Please return the full listing word for word, leaving out any pictures.

[[ DATA, beginning ]]

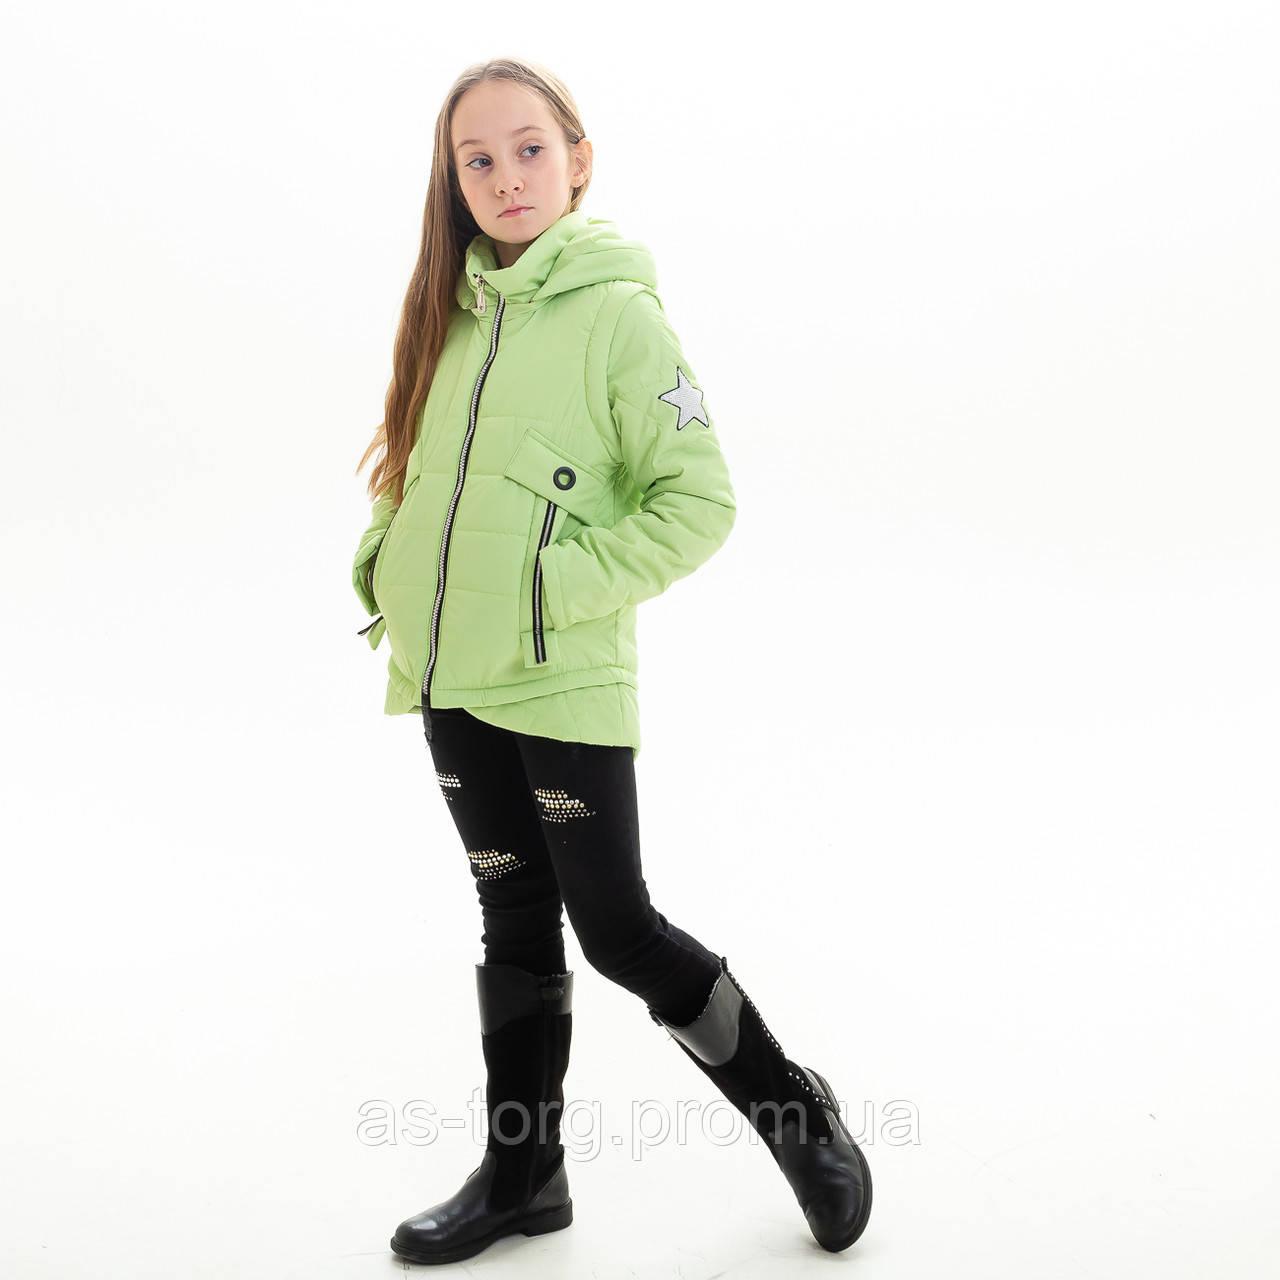 Куртка-жилет для девочки «Мира»
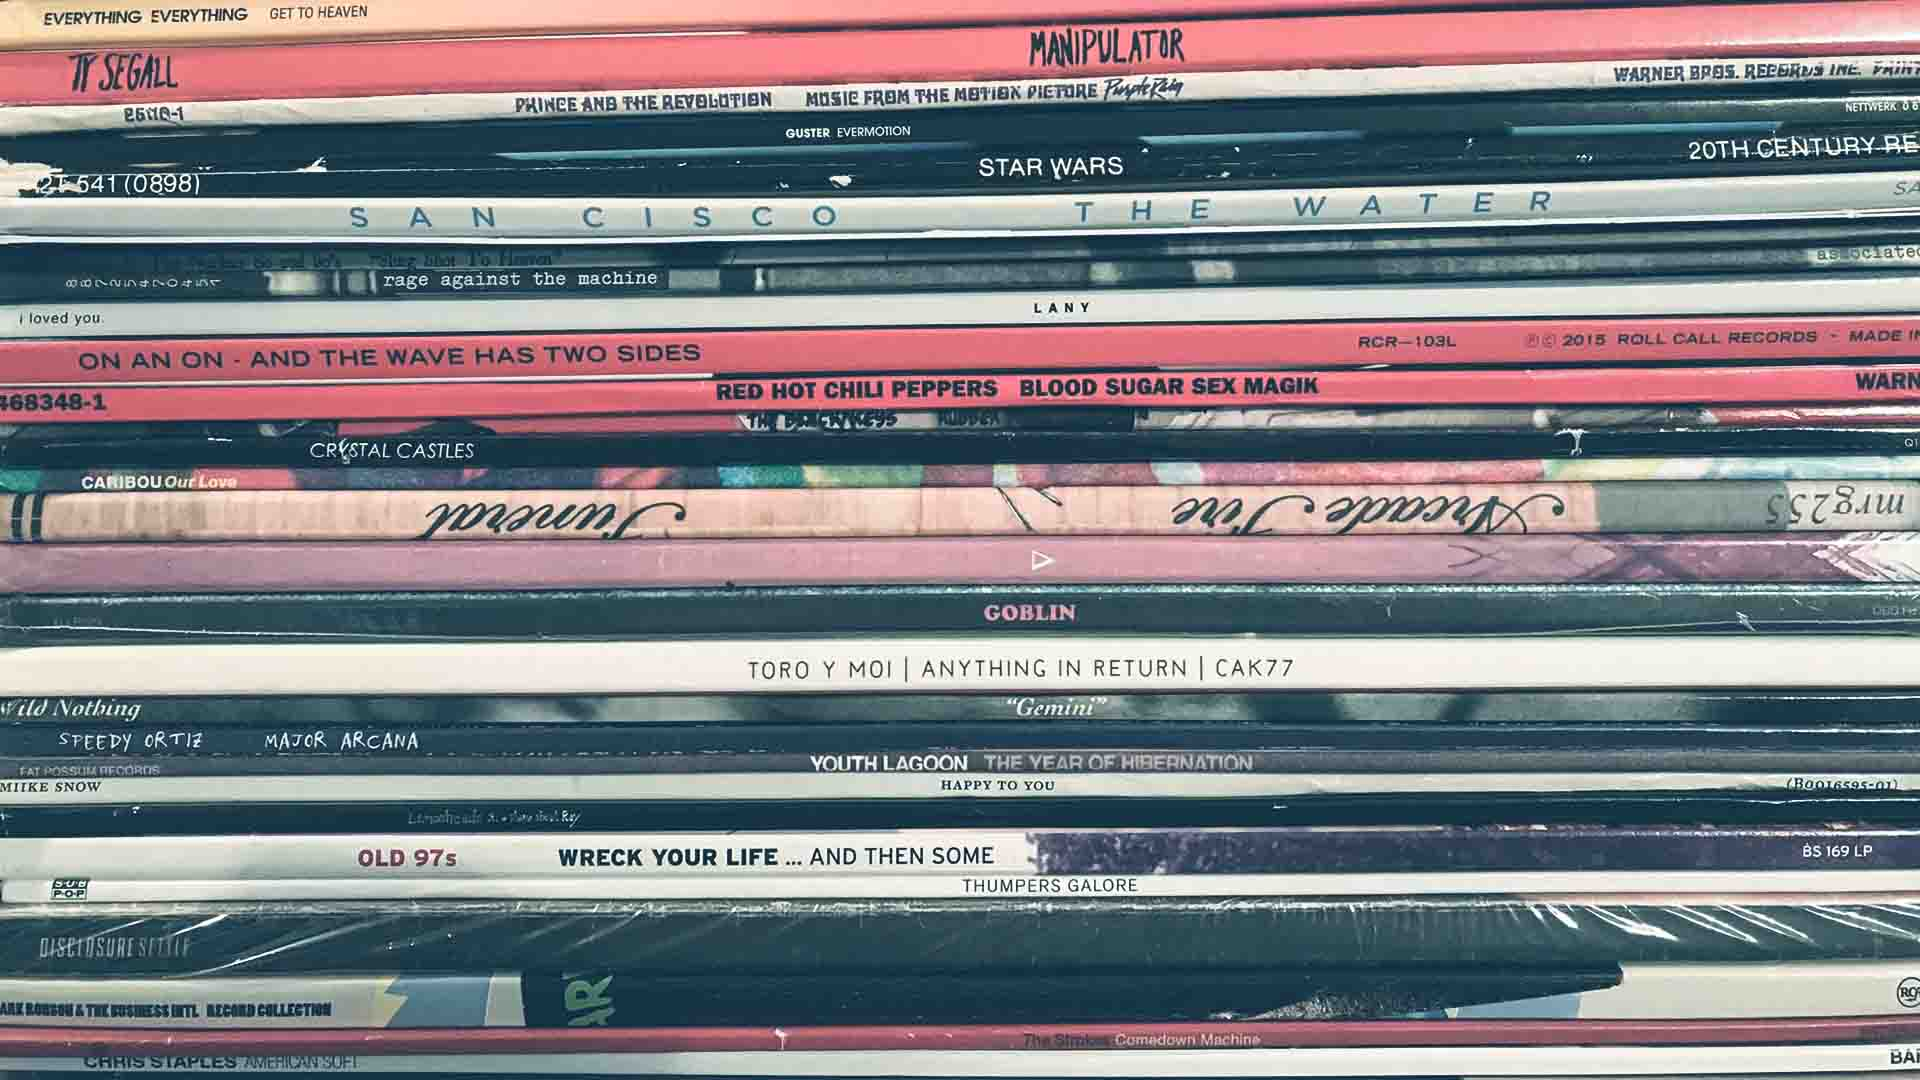 Le copertine dei dischi in vinili conservano ancora un grande fascino
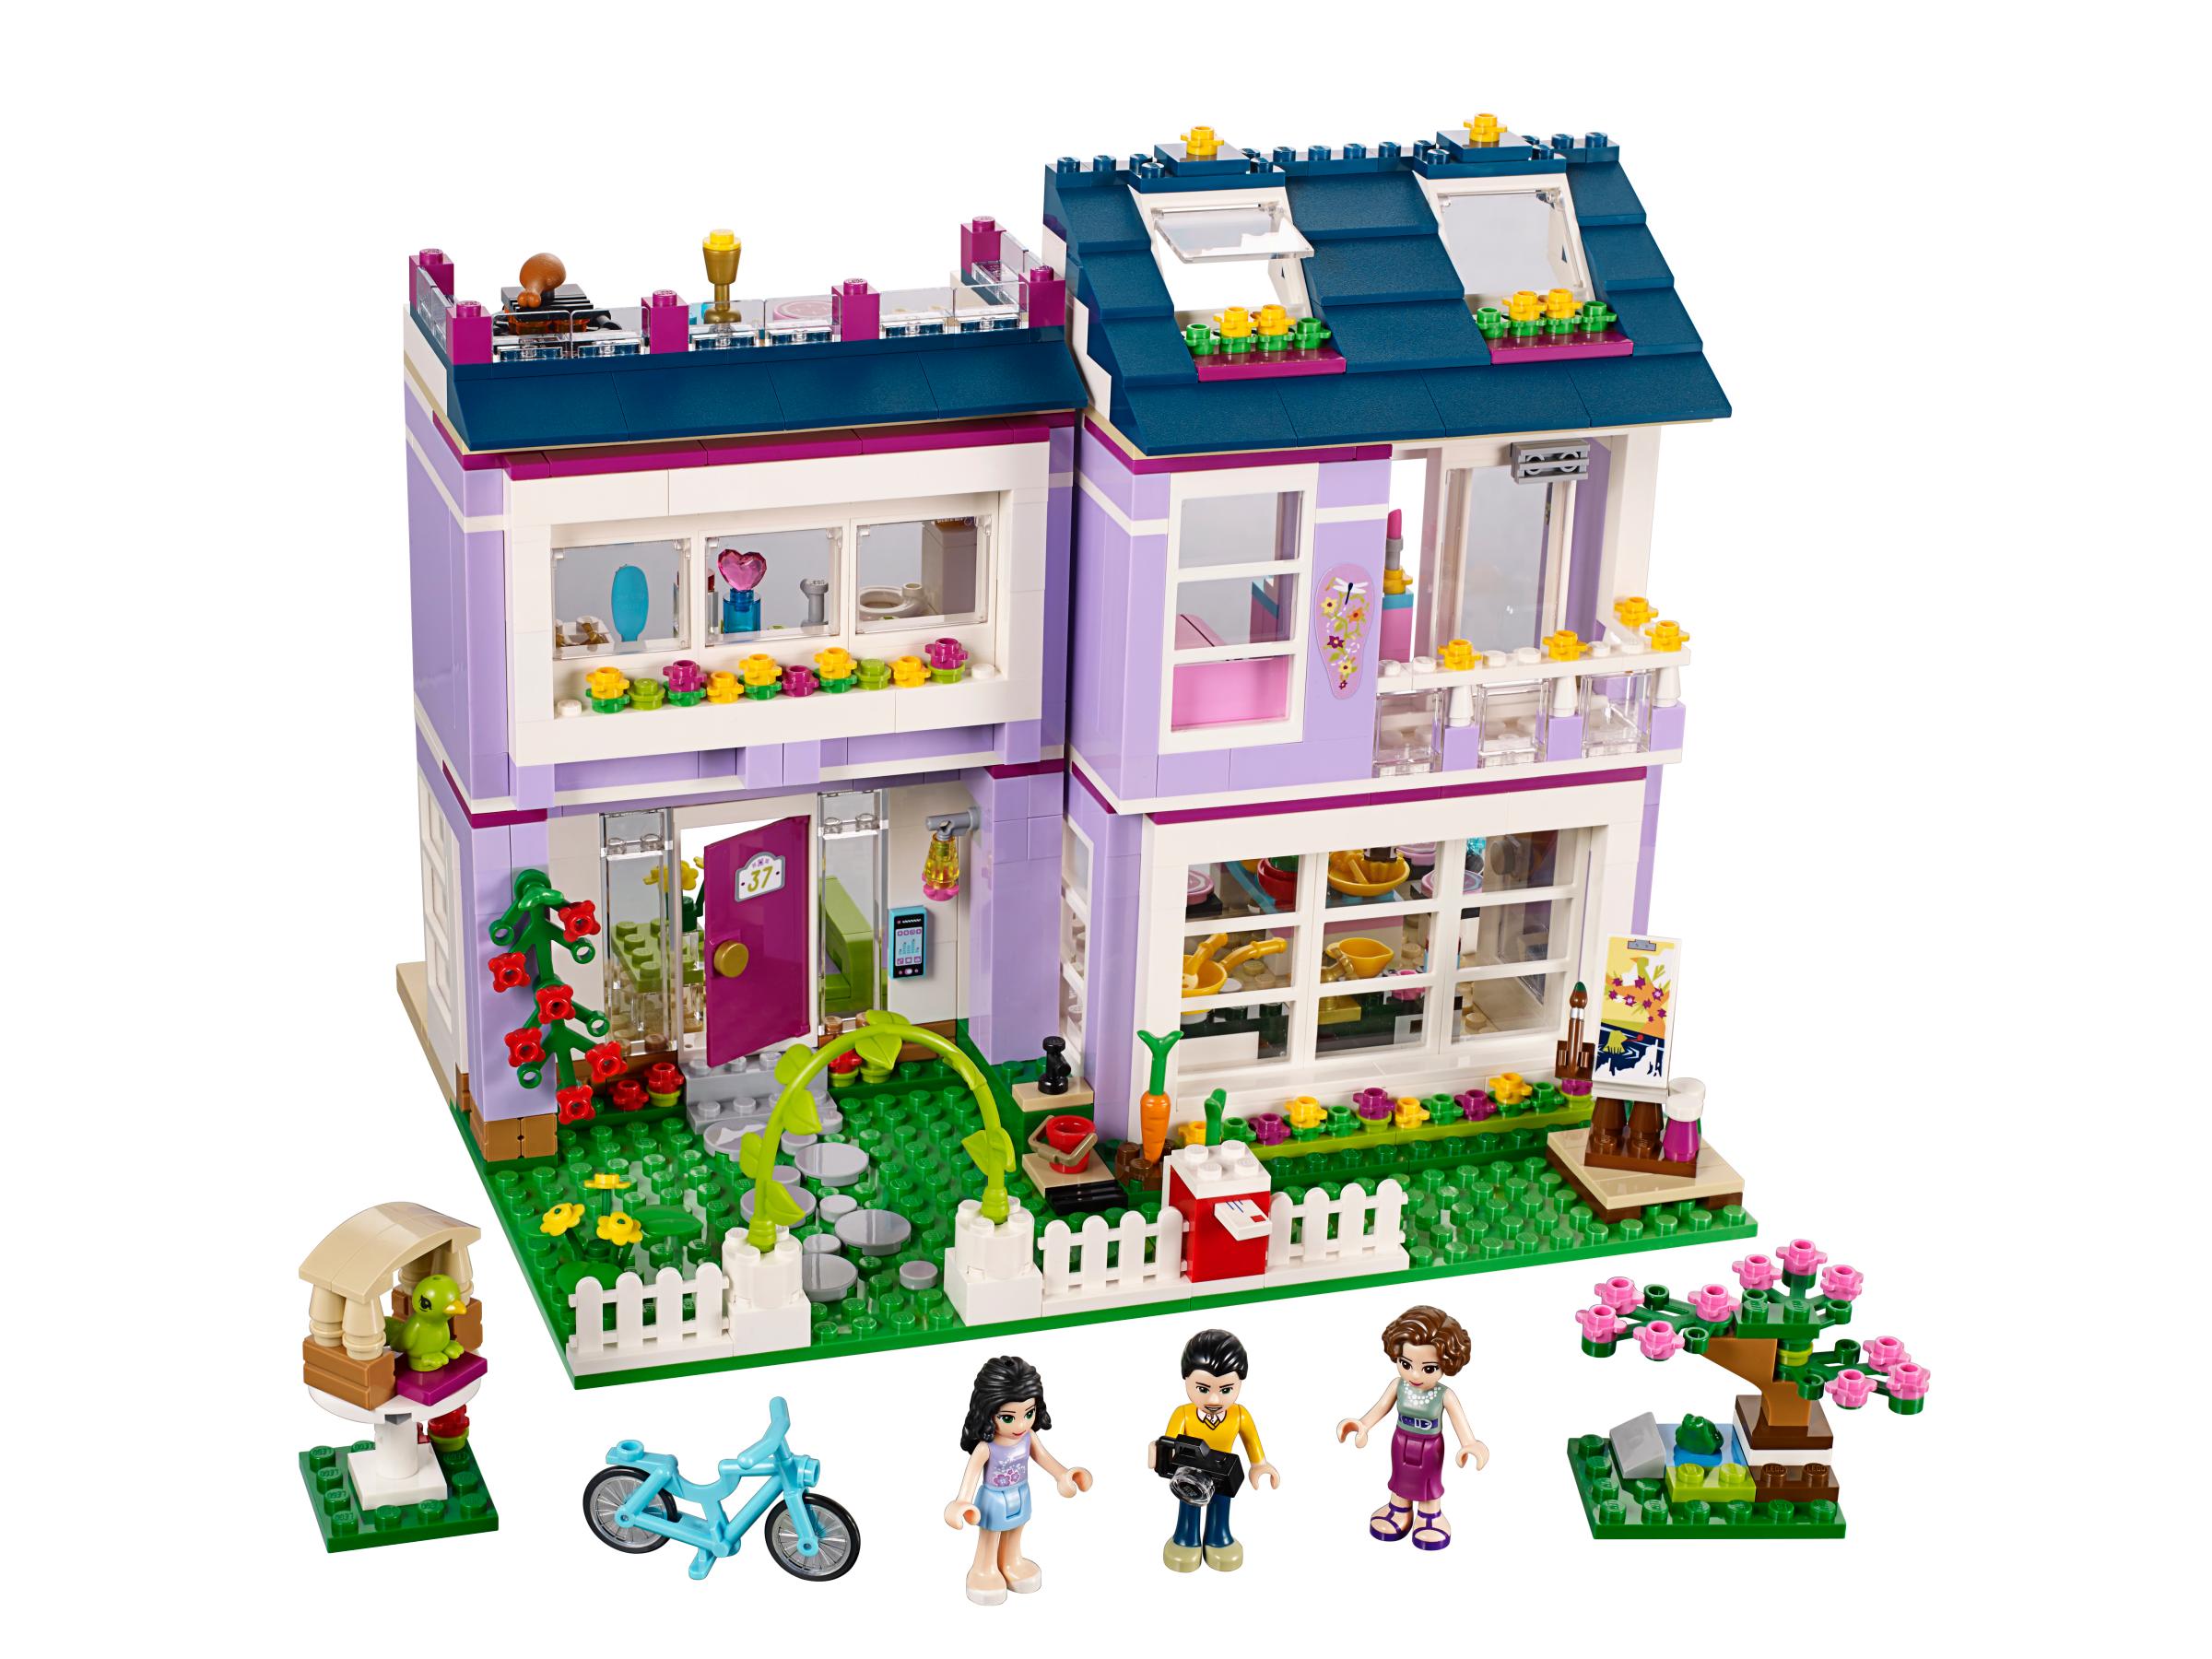 Lego friends 41095 la maison d 39 emma achat vente - Lego friends casa de livi ...

[[ DATA, end ]]

(SOLUTION TO THE EXERCISE):
 Куртка-жилет для девочки «Мира»
 Le copertine dei dischi in vinili conservano ancora un grande fascino
 Lego friends 41095 la maison d 39 emma achat vente - Lego friends casa de livi ...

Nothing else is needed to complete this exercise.